The camera runs on a 2.8-inch color display where you preview shots before printing. Six filters (mono, retro, and others) cycle through via a physical dial. Eight different frames can be added to photos before you shoot. The shutter button responds to half-presses for focus, though it takes around two seconds to capture an image. A bright orange button on the front, next to the LED flash, lets you shoot selfies. Both the main and selfie cameras use 5-megapixel sensors with no manual adjustment—the camera reads the light and decides everything for you, including when to fire the flash. The autofocus is reasonably quick, and the photos are usable, though they don't match what you'd get from an entry-level smartphone.

The real magic happens when you watch the print emerge. The film cartridge sits in a compartment at the bottom, held by magnets and closed with a satisfying snap. Each cartridge holds ten sheets. You can actually see the layers being printed—yellow, then red, then blue—building the image in real time. It's the kind of mechanical theater that makes kids (and adults) lean in. Each print measures 54 by 82 millimeters. At S$19.90 for two cartridges, you're paying roughly a dollar per sheet, which is steep for something that small, though prices have dropped to around S$14 during sales on Shopee.

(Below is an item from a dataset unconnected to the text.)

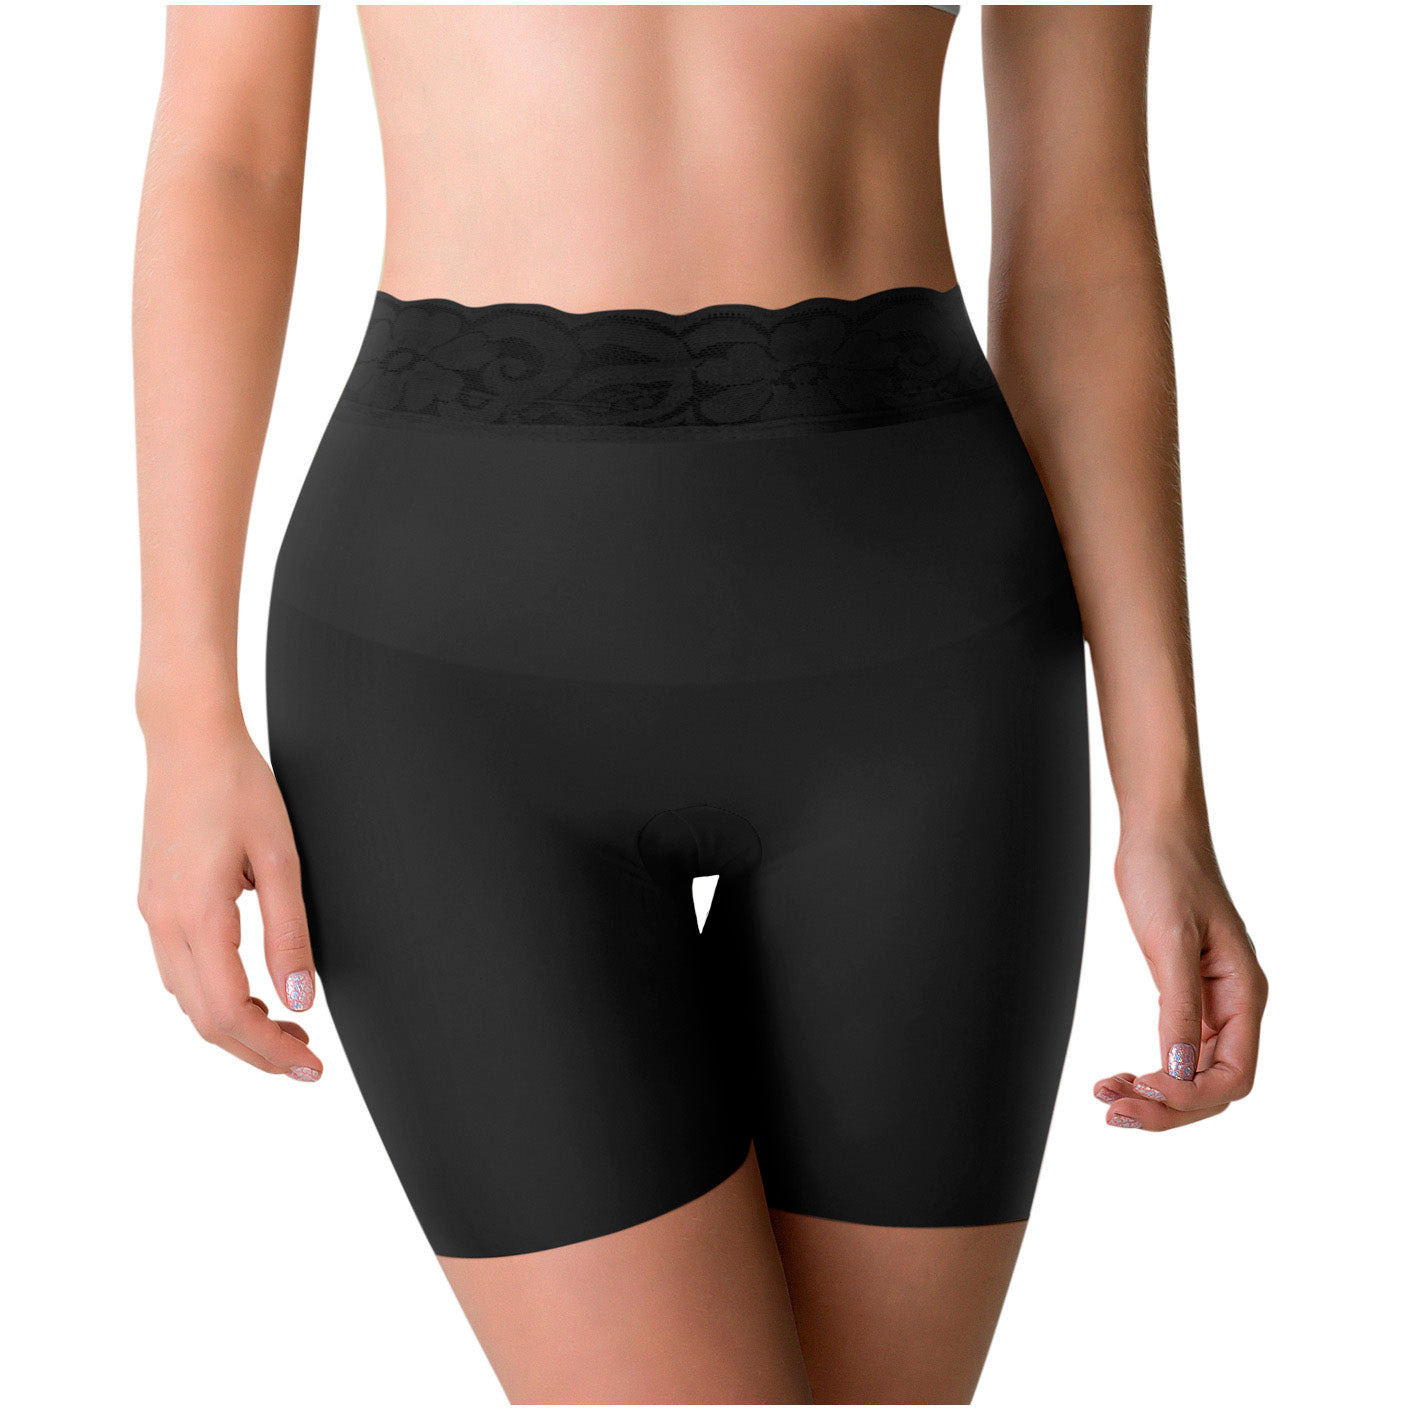 ROMANZA 2054 - Women's Colombian Slimming Shaper Shorts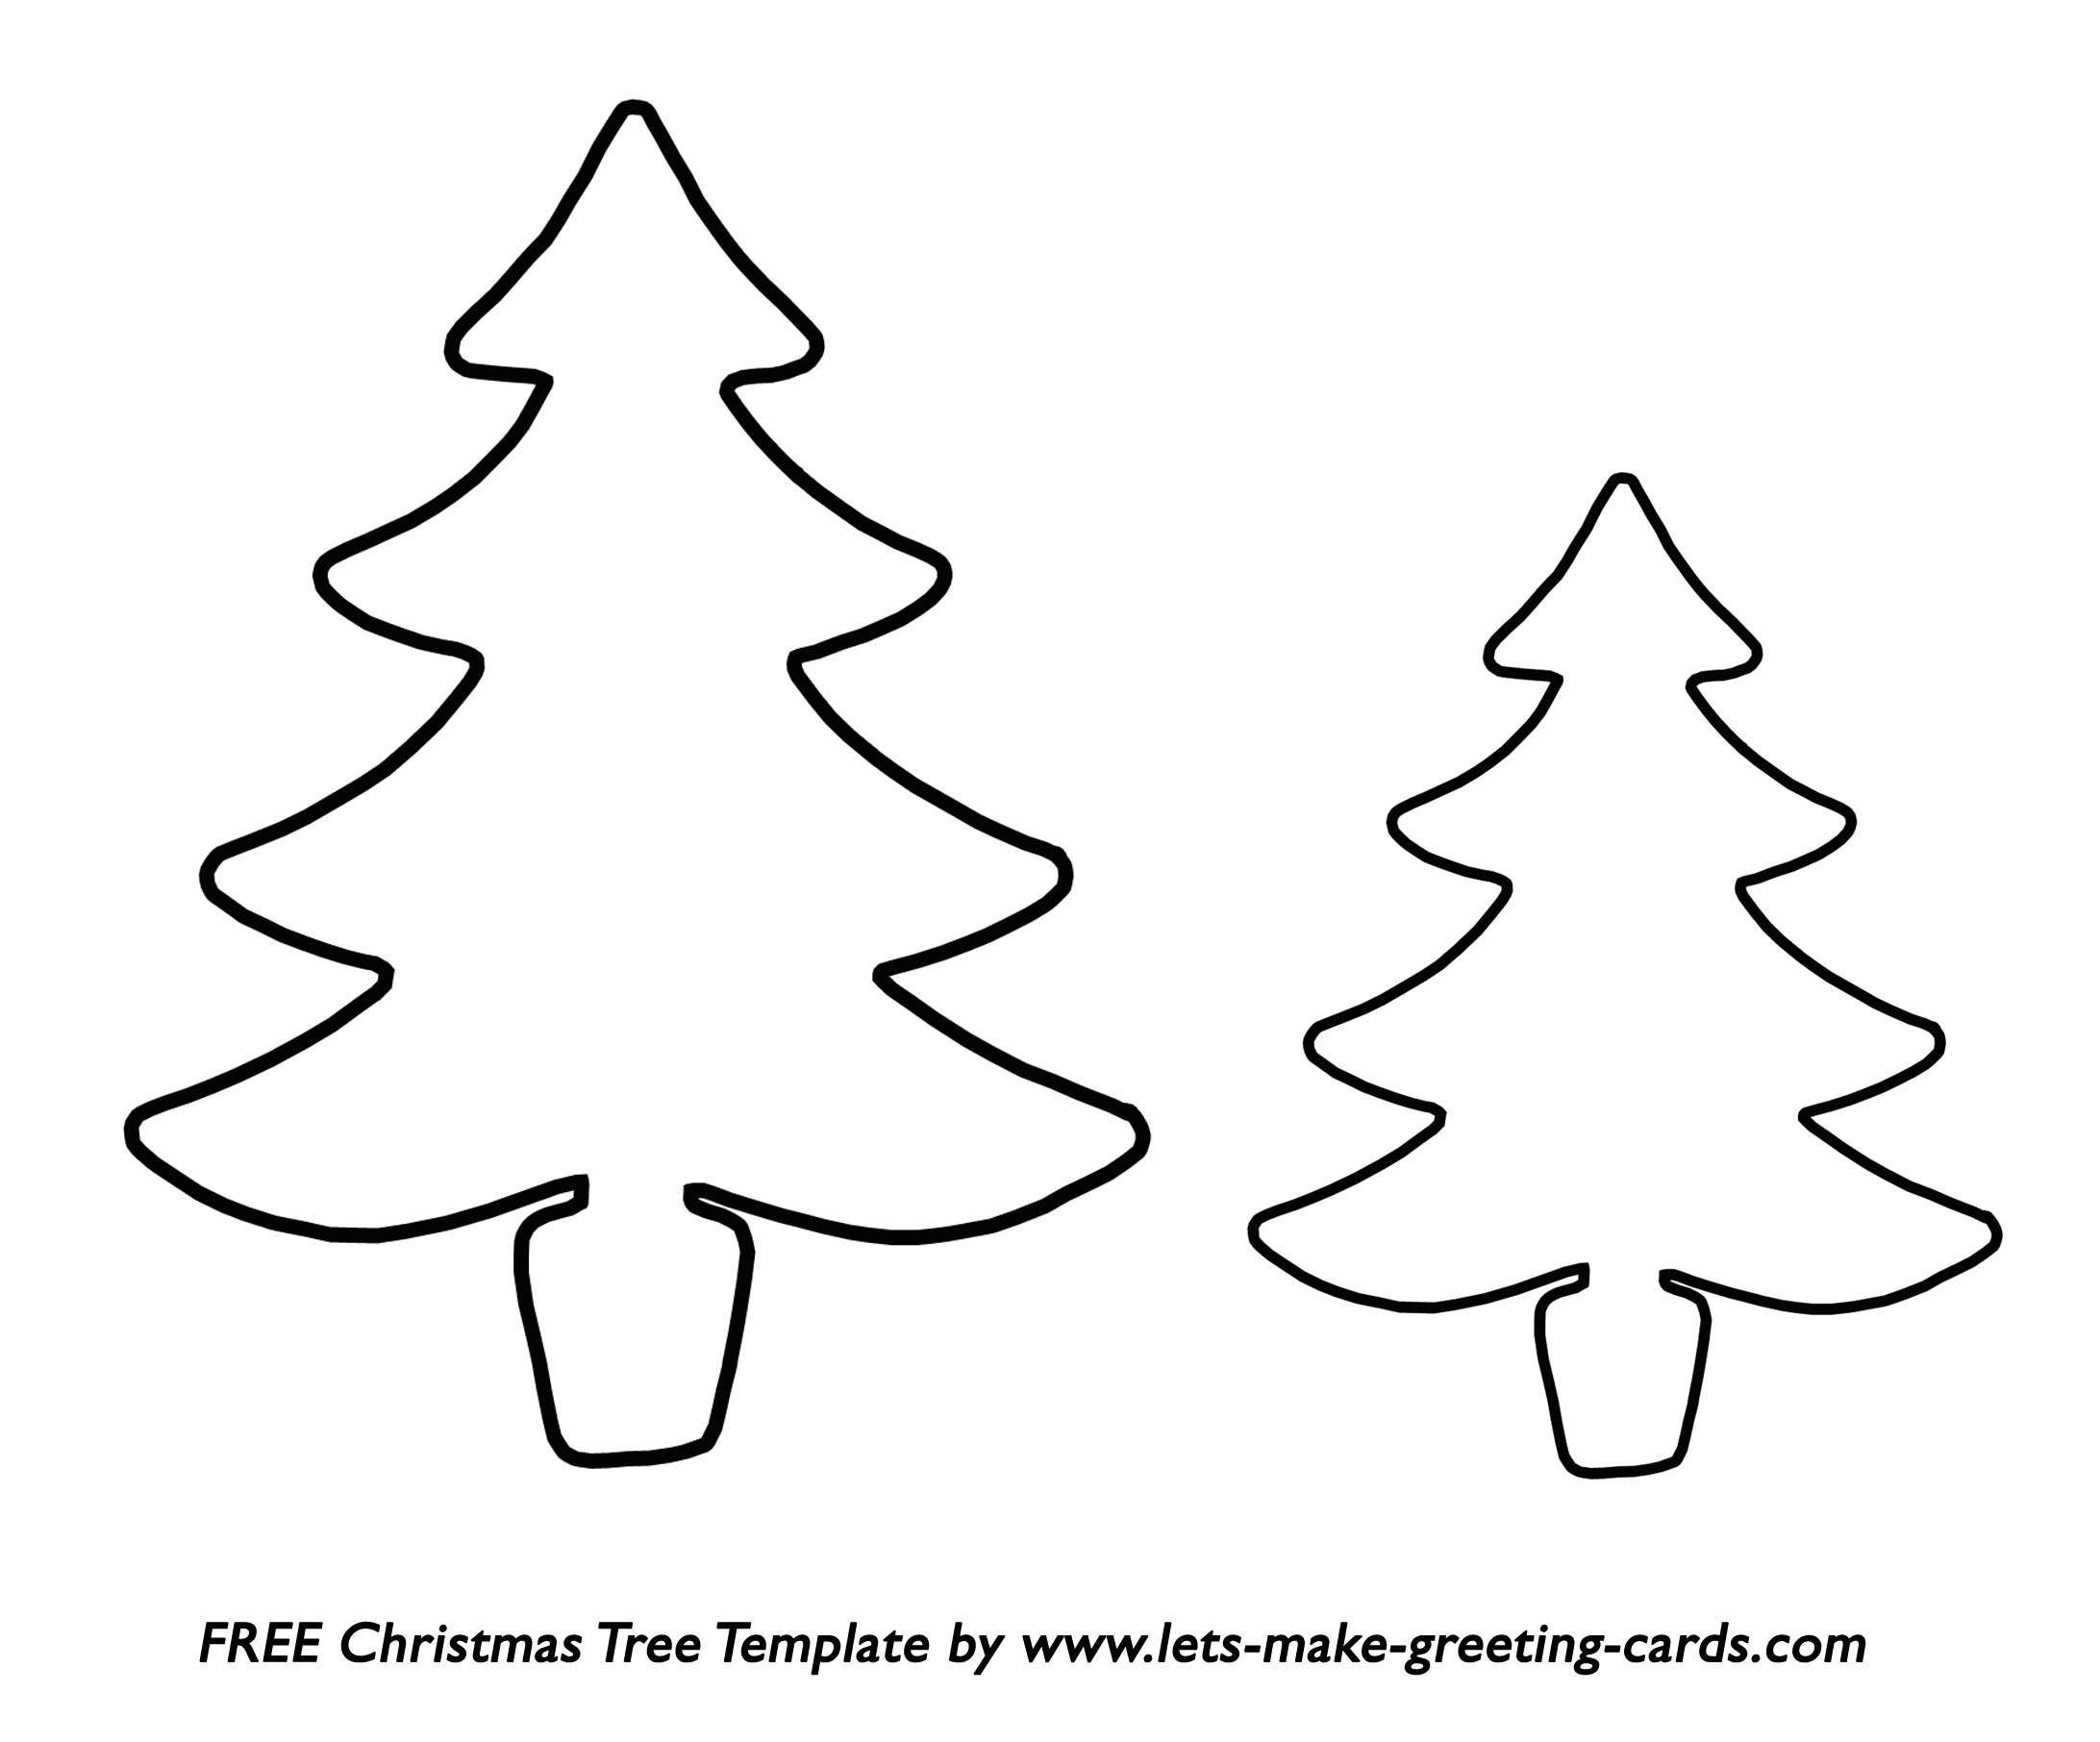 Free Christmas Tree Template. Free Christmas Card Ideas. - Free Printable Christmas Tree Template

The Insta Lux also functions as a portable printer for your smartphone. Enable Wi-Fi on the camera, connect your phone to its network, install the myFirst Circle app, and you can print photos from your device. Printing from the camera itself takes about 75 seconds; printing from a connected phone takes roughly 90 seconds, since the image has to download to the device first. The battery is rated for up to five hours of use, with a recharge time of two and a half hours. The battery indicator doesn't show you a percentage, so you're left guessing how much time remains. The camera powers down automatically after three minutes, though you can adjust this in settings. Wi-Fi and printing will drain the battery faster than camera-only use.

At S$239, the Insta Lux costs more than myFirst's previous cameras, and the ongoing expense of film cartridges adds up. The device doesn't record video. There are no manual controls—no aperture, no shutter speed, no ISO adjustment. But what you get is a solidly built camera that actually prints photographs, that works with your phone, and that introduces children to the tangible pleasure of holding a physical image minutes after taking it. In a world of screens, that's not nothing.

It's a good introduction to photography and printing for kids
— Reviewer assessment
The Hearth Conversation Another angle on the story
Inventor

Why does the printing technology matter so much here? It's still a small photo.

Model

Because dye sublimation creates color and detail that thermal printing can't touch. You're not getting a washed-out image. The lamination protects it. A kid can actually keep these.

Inventor

The price seems high for a children's device. S$239 is real money.

Model

It is. But the build quality is noticeably better than their other products. It doesn't feel like a toy. And the printing mechanism—watching those layers build in real time—that's worth something.

Inventor

What about the smartphone printing feature? Does it actually work well?

Model

It works, but it's slower and drains the battery faster. If you're using it as a portable printer for your phone, you're looking at 90 seconds per print and you'll need to charge more often. It's a nice feature, not a primary one.

Inventor

No manual controls at all?

Model

None. The camera decides everything. For kids learning photography, that's actually fine—it removes friction. But it also means there's nowhere to grow into the device.

Inventor

The film cartridges are expensive.

Model

A dollar per print for something that small. You'll feel it if your kid is printing every shot. But the prices do drop during sales, which helps.

Inventor

Who is this actually for?

Model

Kids who want to take photos and hold something real. Not kids who want to learn photography deeply. Not families watching every penny. It's for the middle ground—solid build, good prints, but you're paying a premium.